History

England
- Name: Mary Rose
- Ordered: 3 February 1623
- Builder: Deptford Dockyard
- Launched: 1623
- Commissioned: August 1624
- Fate: Wrecked in a storm March 1650

General characteristics
- Class & type: 24-gun ship
- Tons burthen: 288.6/384.8 tons bm
- Length: 83 ft 0 in (25.3 m) keel
- Beam: 26 ft 9 in (8.2 m)
- Depth of hold: 13 ft 0 in (4.0 m)
- Propulsion: Sail
- Sail plan: ship-rigged
- Complement: 120 (1624)
- Armament: in 1624; 24 guns:; 8 × demi-culverins; 10 × sakers; 2 × falcons; 4 × minions;

= English ship Mary Rose (1623) =

English Royal Navy ship (1623)

Mary Rose was a 24-gun ship in the service of the English Navy Royal. After commissioning she mainly served in Home waters. With the outbreak of the English Civil War in 1642 she was in the service of the Parliamentary forces, and became part of the Commonwealth of England's Navy in 1649. She served until wrecked off Flanders in March 1650.

Mary Rose was the third vessel in the English Navy Royal to be given this name, since it was first used for a ship built at Portsmouth in 1509, which was rebuilt in 1536 and capsized during an engagement with the French off the Isle of Wight on 19 July 1545; its second use was for a ship built in 1556 or 1557, which was rebuilt in 1589 and lasted until condemned in 1618.

==Construction and specifications==
She was built at Deptford Dockyard, designed and constructed by Master Shipwright William Burrell. She was the smallest and last of the ten ships built by Burrell as a result of the 1618 Jacobbean Commission of Enquiry, and took the name of the previous great ship of that name condemned in 1618 and expended as a wharf at Chatham. She was ordered on 3 February 1623, launched the same year and commissioned in August 1624. Her dimensions were 83 ft 0 in for keel with a breadth of 26 ft 9 in and a depth in hold of 13 ft 0 in. Her tonnage was 288.6 tons (tons and tonnage 384.8 tons); under the new rules for calculating burthen tonnage introduced about 1652, she would have been calculated at 31586/94 tons.

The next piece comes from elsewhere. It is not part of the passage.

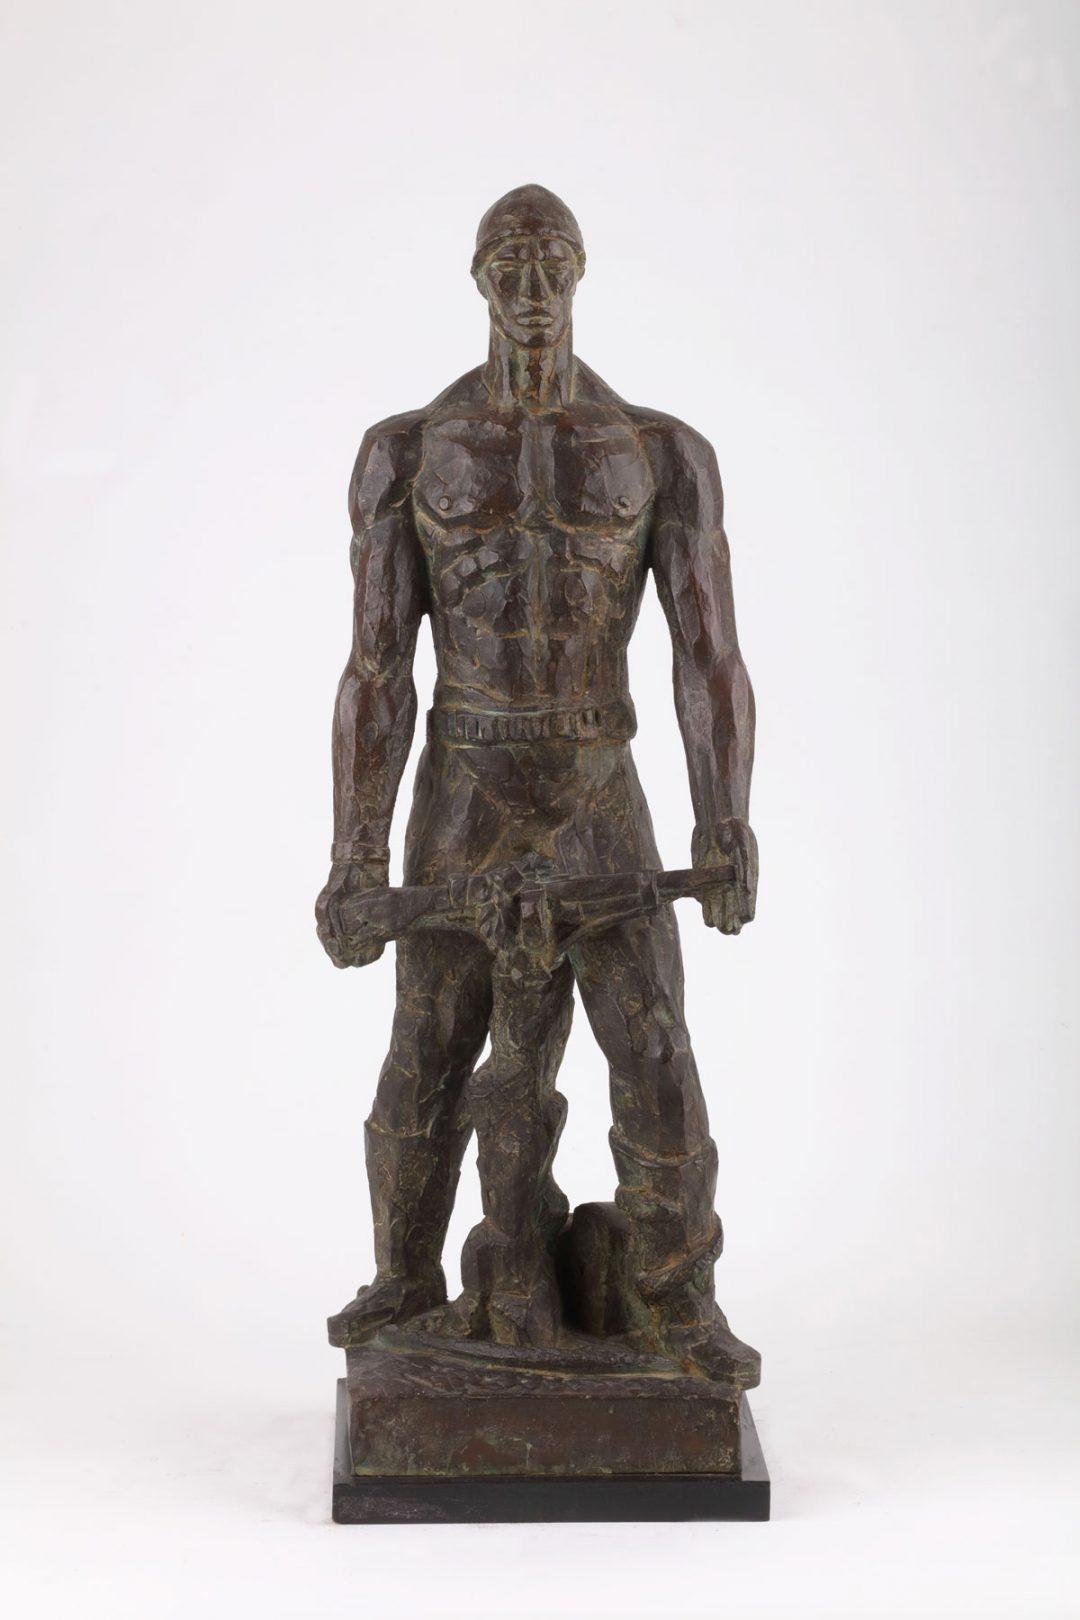 Liberación del Temor (proyecto de monumento a F.D. Roosevelt)
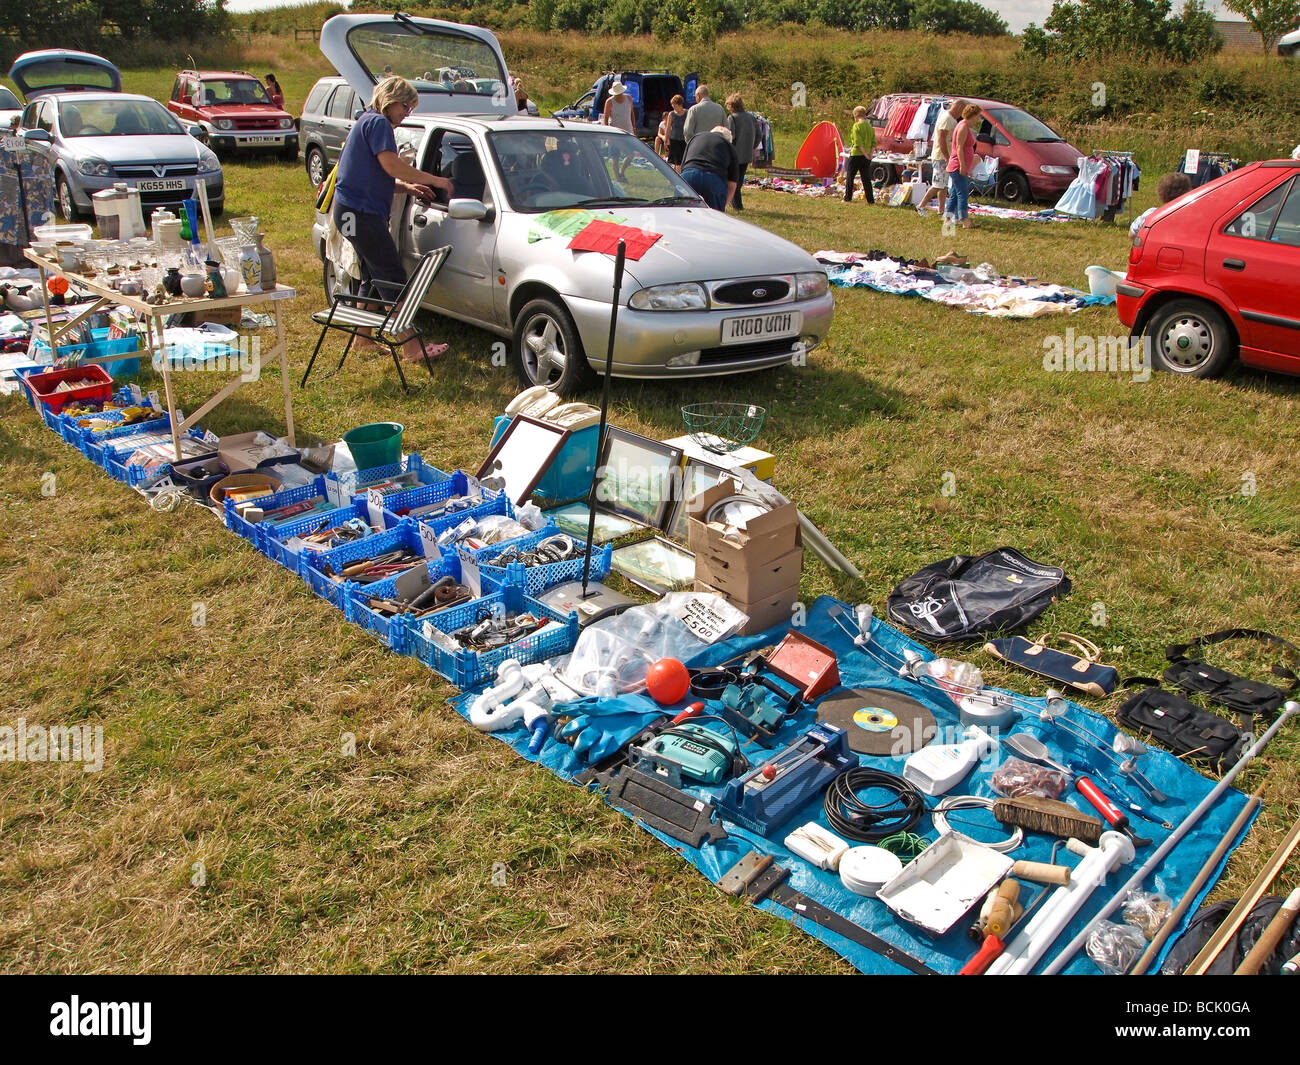 Car boot sale Yorkshire UK - Stock Image

Her gun armament in 1624 was 24 guns consisting of eight demi-culverins, ten sakers, four minions and two falcons, plus two fowlers not included in the count of guns. Her manning was around 120 officers and men in 1624.

==Commissioned service==
===Service in the Navy Royal===
The Mary Rose was sent to Spain to collect jewels returned to the English ambassador in July 1624. The ship was threatened by a storm during the return voyage. In August 1624, under the command of Captain Thomas Wilbraham, she scoured the coasts of pirates from Dungeness to Portland. In 1625 she was in Sir Edward Cecil's fleet for the Cadiz expedition. In 1627 Captain Francis Sydenham took over for the expedition to La Rochelle in 1628. In 1635 she had Captain George Carteret as her commander followed by Captain Kenelm Digny for service with Lindsey's Fleet in the English Channel. Captain Jeremy Brett was in command when with the Dutch Fleet in 1636. In 1637 Captain Lewis Kirke was in command followed by Captain Thomas Trenchfield. In 1639 Captain Thomas Price had the command followed by Captain Richard Swanley. In 1642 Captain Robert Fox had command but was dismissed (at the start of the English Civil War).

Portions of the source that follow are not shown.